Il y a eu une mobilisation des internautes contre cette loi Hadopi, qu’ils considéraient comme un danger pour la liberté du net (comme la loi Loppsi 2 qui doit être examinée au Sénat à partir du 7 septembre, dans un silence médiatique assourdissant). Les parlementaires  européens, soutenus et informés par des internautes actifs, se sont opposés à cette loi. Il y a eu, donc, des succès répétés pour les opposants. Mais, à force, Hadopi est revenue, et a fini par passer dans l’indifférence ( ou plutôt l’épuisement) générale. La même chose s’est vue pour la réforme des lycées, qui a pourtant mobilisé les lycéens d’une façon absolument inattendue. Quant au Traité Constitutionnel européen
Cette méthode “On a compris, on vous a entendu, on annule”, qui est discrètement corrigée en “On reporte”, puis, dans les faits, ” On continue en faisant parler d’autre chose” et enfin par “C’est voté, mais on n’appliquera pas” et enfin “On applique, c’est la loi” est très efficace, si on se laisse duper ( cf deux articles : le premier, de Patricia Tourancheau, sur libération.fr du 6 mai à 0h, annonçant, comme d'autres que la loi sur la sécurité, qui aurait due être examinée au Sénat au printemps, était reportée : "La loi sur la sécurité, elle aussi reportée"; le deuxième, infirmant le premier, et précisant qu'elle serait examinée en septembre : Loppsi examinée en septembre au Sénat  AFP sur Lefigaro.fr du 6 mai 2010. D'ailleurs, on trouve sur le site du gouvernement la présentation, par Henri de Raincourt, du rapport du ministère des relations avec le Parlement qui évoque une saison parlementaire particulièrement riche. Pour trouver le texte, taper sur votre moteur de recherche Henri de Raincourt " Activité législative 2009-2010 : une session parlementaire très riche").
Cette méthode est efficace surtout pour démobiliser les citoyens qui sont de plus en plus persuadés que l’on ne peut pas arrêter la machine législative, malgré des mobilisations importantes. A moins de faire la révolution, ce que personne ne souhaite.

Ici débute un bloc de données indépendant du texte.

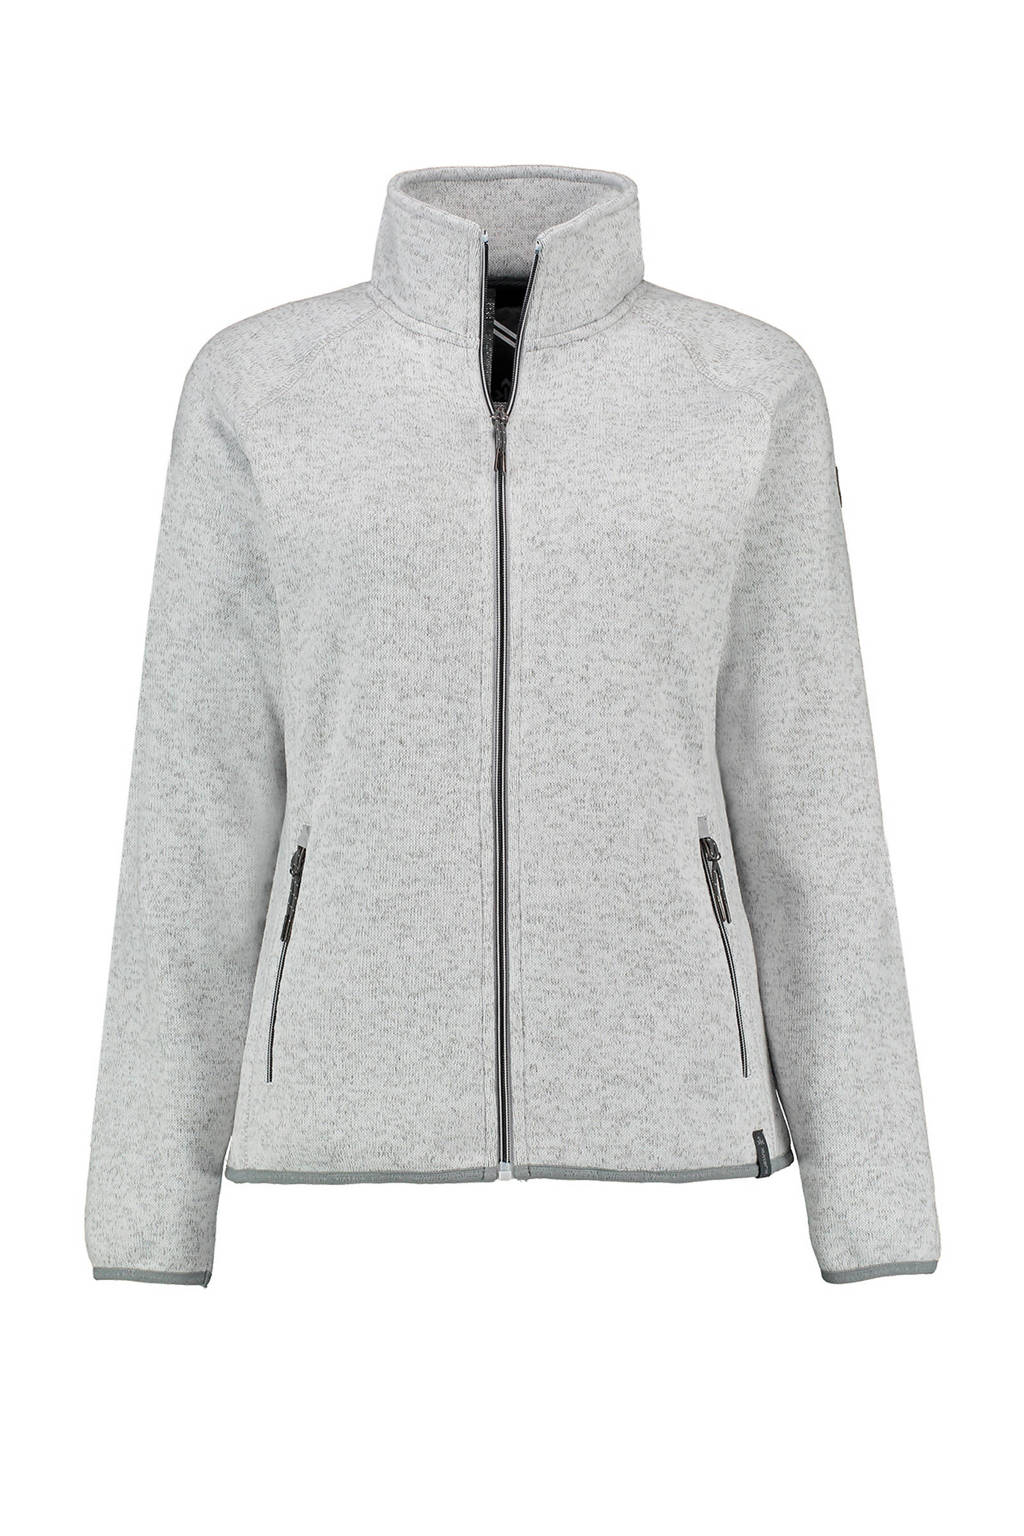 Kjelvik fleece jack Byanca wit/grijs, Wit/grijs
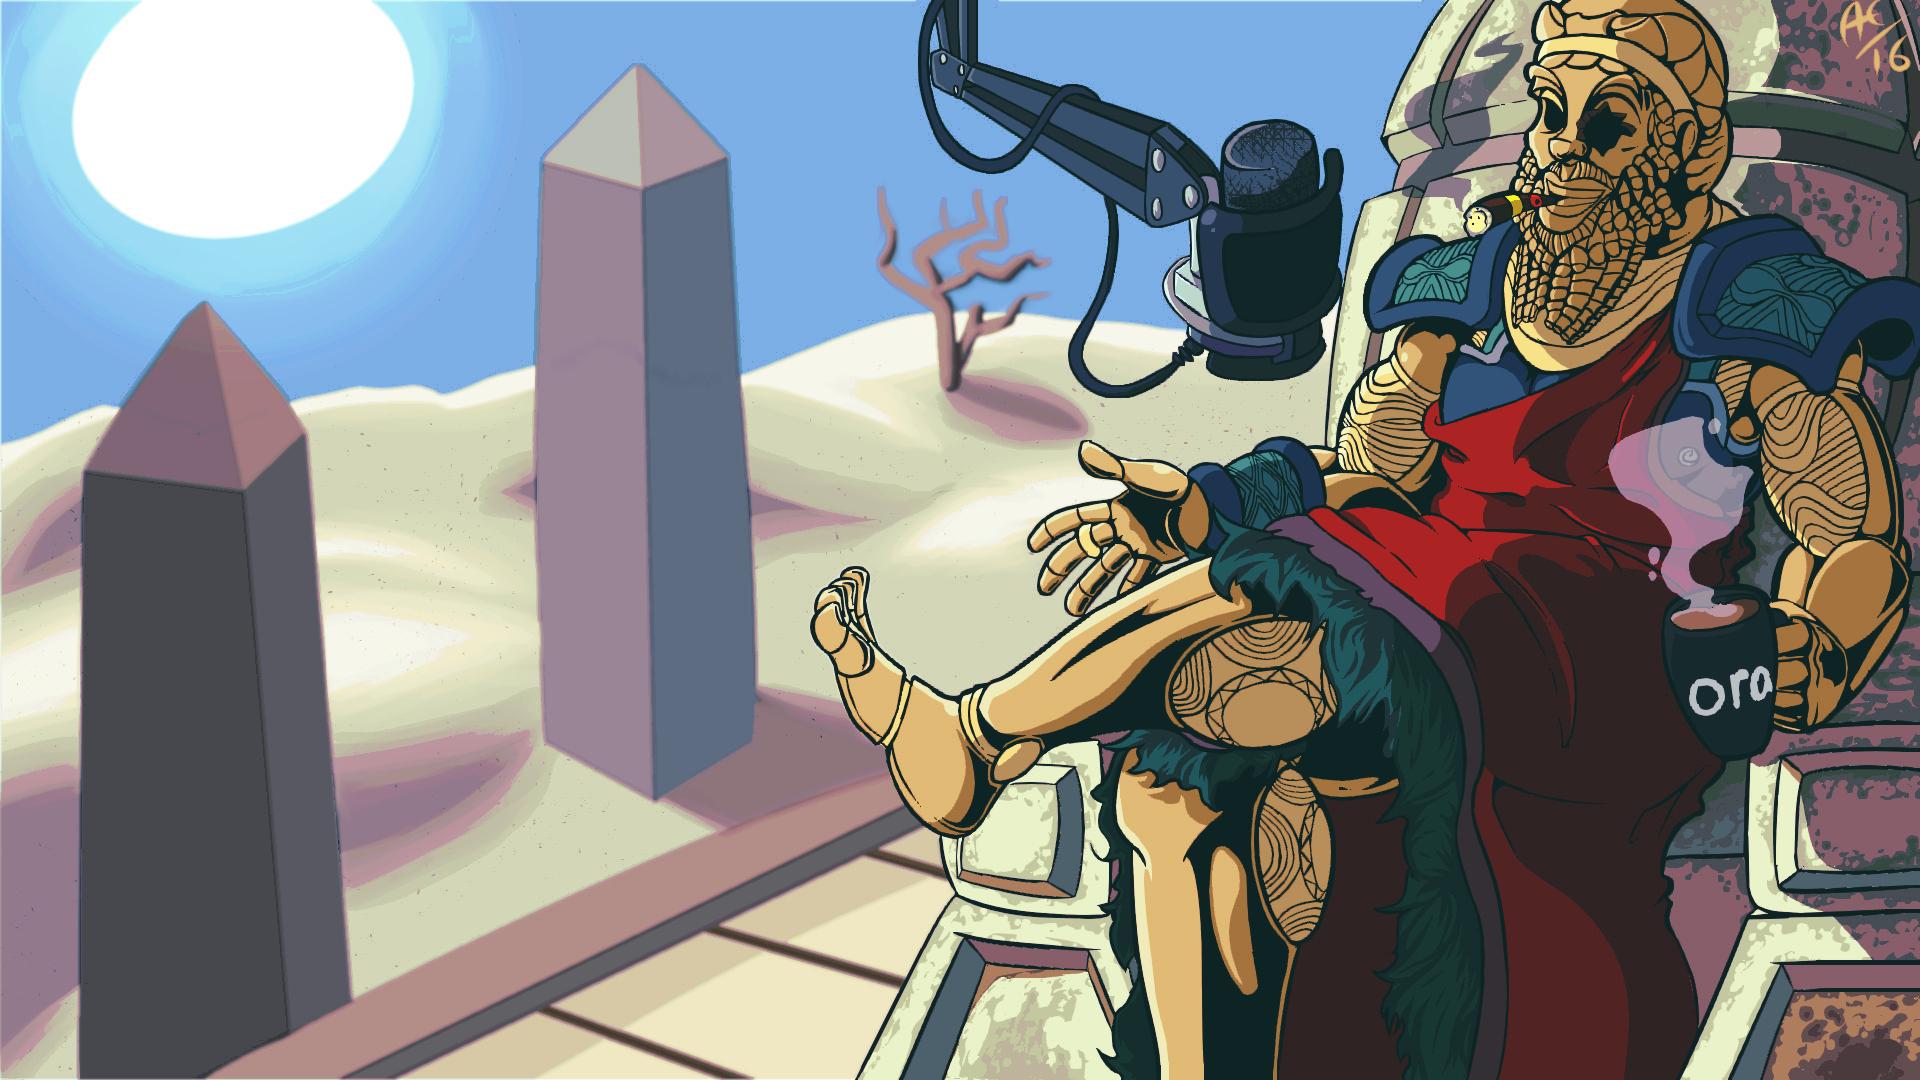 Sargon of Akkad Ora.TV competition piece

Se soumettre ou aller trop loin ?
Et ce n’est pas pour rien que nous sommes, pour la plupart d’entre nous, coincés, pour penser l’opposition, dans une alternative insoluble, entre une acceptation contraire à nos principes, et le risque d’une révolution ou d’une guerre civile, porteuse de graves troubles à l’ordre public que nous ne souhaitons pas. Or, cette façon de voir les choses est erronée. La réalité n’est pas bicolore mais bigarrée : les pensées simples, sont souvent fausses.
Je pense que cette pensée binaire : c’est ça ou ça, est le fruit d’une communication d'emprise qui nous est faite depuis des années. Par exemple, presque toute la gauche a abandonné l’idée marxiste de la lutte des classes, comme si penser en ces termes voulait dire que l’on promouvait la dictature du prolétariat et le totalitarisme soviétique. Sous le prétexte que les “révolutions socialistes” ont été sanglantes et totalitaires, il a été inculqué, par répétitions successives, que penser “lutte des classes”, équivalait à penser “dictature du prolétariat”, et impliquait donc le fait de souhaiter la faillite des valeurs de liberté et d’égalité de notre constitution. Donc, peu de personnes osent prononcer le terme de lutte des classes, et, donc, de le penser. D’ailleurs on a du mal à trouver un terme unissant la finance internationale et les dirigeants de grands groupes, alors que le terme de “capital” est maintenant tabou. D’ailleurs on peut dire “je ne suis pas communiste, mais…” comme on peut dire “Je ne suis pas féministe, mais…”. Mais pourquoi ne pourrait-on pas être féministe ou communiste ? L’augmentation éhontée des écarts de salaires entre les plus riches et les plus pauvres est une réalité tangible et mesurée. Alors, pas de classes sociales ? On ne parle que de la classe moyenne, alors que celle-ci s’effiloche en se tendant vers ces extrêmes… Et, par rapport à cette radicalisation de l’écart entre les riches et les pauvres, pas de lutte ?
Il est important de pouvoir avoir des positions nuancées : on peut être d'accord avec le principe du suffrage universel et contester la façon de gouverner du pouvoir. On peut prôner la désobéissance civique, et ne pas être un fauteur de troubles. On peut critiquer un régime et ne pas vouloir qu'il soit renversé par la force, et partager certaines idées avec Karl Marx sans avoir un couteau entre les dent.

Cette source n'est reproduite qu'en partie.